Agricultural Research Service


item Wuest, Stewart
item Albrecht, Stephan
item Smith, Jeffrey
item Bezdicek, David

Submitted to: Direct Seeding Intensive Cropping Conference
Publication Type: Proceedings
Publication Acceptance Date: 1/18/2001
Publication Date: N/A
Citation: N/A

Interpretive Summary:

Technical Abstract: Data from long-term experiments ongoing at CPCRC, Pendleton OR, show that most traditional dryland farming methods result in a reduction in soil organic matter content from the original native grasslands. Wheat/fallow crop rotations lose the most, wheat/pea loses less, and annual wheat loses the least organic matter on an annual basis. Tillage is a second factor in the rate of soil organic matter loss.

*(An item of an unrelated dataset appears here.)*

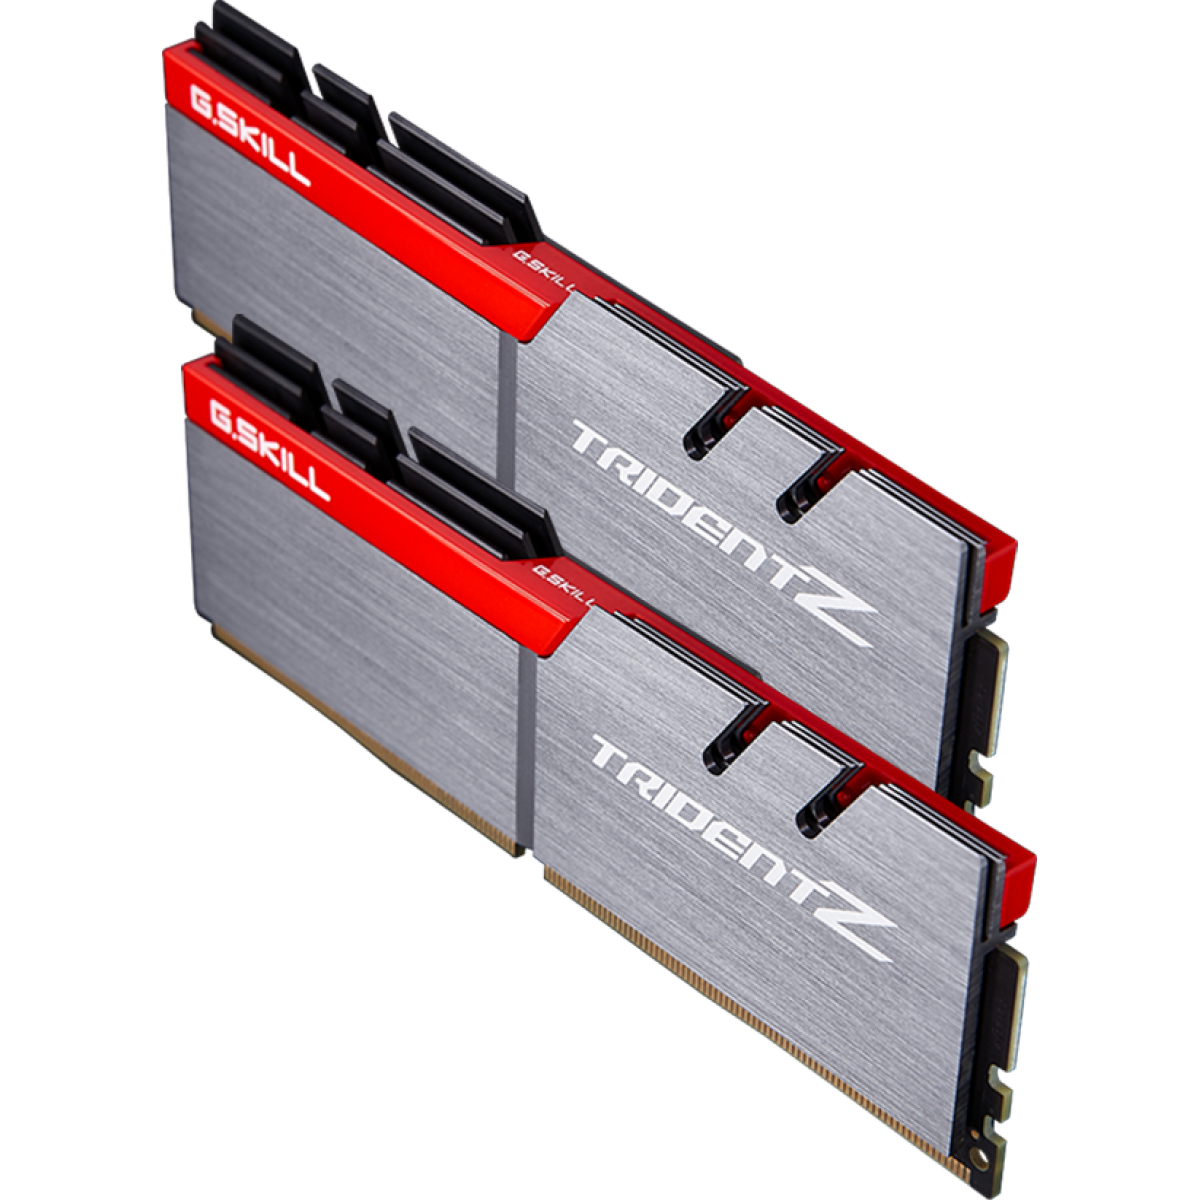 Memória DDR4 G.Skill Trident Z, 8GB (2x4GB) 3200MHz, F4-3200C16D-8GTZB

Increased tillage intensity, related to depth of disturbance and how completely surface residues are mixed with soil and place below the surface, increases the rate of soil organic matter loss. Long-term trends indicate that each crop rotation is headed toward a specific equilibrium soil organic matter level determined by residue input and tillage intensity. Systems which accumulate relatively high soil organic matter levels also have larger proportions of unstable, more easily decomposed organic matter. Measuring changes in soil organic matter is difficult because it take decades for measurable changes to occur, current measurement techniques include variable amounts of recently deposited residues, and variability within fields and between sampling techniques is significant. Cropping systems which minimize tillage cause soil quality effects not related to an increase in total soil organic matter content, such as stratification of high organic matter near the soil surface where it has a greater effect on tilth, infiltration, and other soil properties.